А именно то, что на заре своего существования Юммель, ныне бессмертный бог, был норвежским парнем Пером.

Сильно продвинувшимся на лестнице 210-ти сущностей, Лестнице, Уходящей в Небо…

Как там сказал этот Дэн? Я должен научиться быть богом. А бог должен научиться быть мной.

Время у обоих есть. До Апокалипсиса, как пишет пресса, еще лет 20.

О том, что будет, если они оба таки-выучатся, Дэн  на Бога, а Юммель на Человека, - Росомаха не думал и думать не хотел.

Не тем он был силен, не думами.

А просто в нужные моменты по семи его рабочим хвостам пробегала электрическая дрожь.

В данном случае она даже не дрожью могла по праву считаться, граждане, а конвульсиями, пароксизмами, корчами.

Меж тем, двое студентов, вот прямо щас, ожидали в приемной у бога богов, сидя на костяных стульях.

Встречи их с товарищем Юммельсоном допускать было, граждане, однозначно низзя.

Последствия встречи Юммеля и Даниила, бога и человека были настолько…

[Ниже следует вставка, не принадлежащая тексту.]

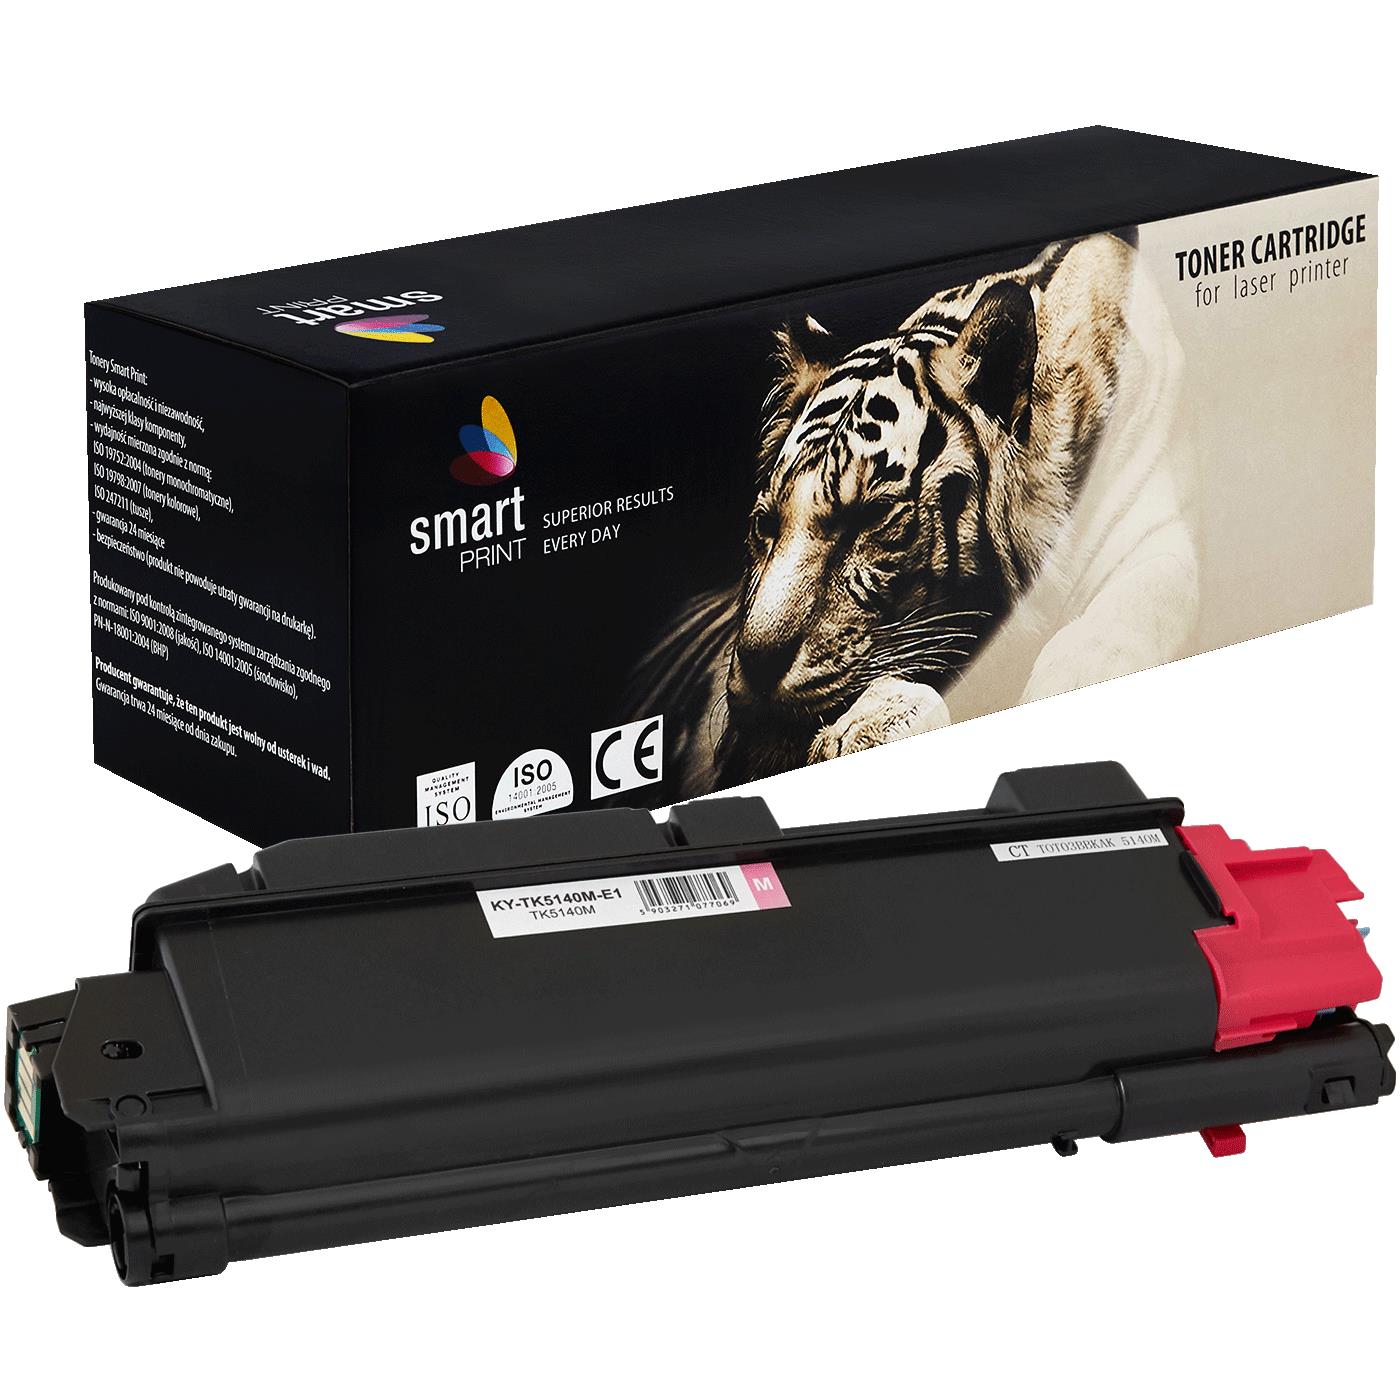 съвместима тонер касета за принтери и печатащи устройства на Kyocera Mita Kyocera: M6030 CDN, M6530 CDN,  P6130 CDN,  new new Toner KY-TK5140M | TK5140M. Ниски цени, прецизно изпълнение, високо качество.

Настолько, скажем так, нездорово сенсационными…

Они, граждане, грозили осуществлением вековой мечты рода человеческого о бессмертии.

Выть хочется, выть хочется, выть хочется.

- Это тебе супруга платочки наглаживает? – раздражился вдруг Юммель. – А думаешь, я не знаю, что ты выпрашивал у Сола шаманское платье вольпи? Не для своей мадам Росомашихи, ей оно на корпус не сядет.

И не для олениц-школьниц с толстоватыми ножками.

И даже не для того кудрявого пастушка с аполлоновой свирелью…

Для себя лично, старый ты онанист!

Любишь сам себя, любимого? Это не подведет! И выпросил-таки! Красуешься теперь в  ризе царей земных, когда никто не видит… то есть, это ты думаешь, что никто.

Ты платье вольпи обменял на ножницы Колбасьева, так?

Сын солнца у нас коллекционирует орудия скальпирования, и за ножницы Платон Владленыча много чем готов поступиться.

А знаешь, что, Росомаха?

По ходу, отдам я рецепт бессмертия Маше и Дэну.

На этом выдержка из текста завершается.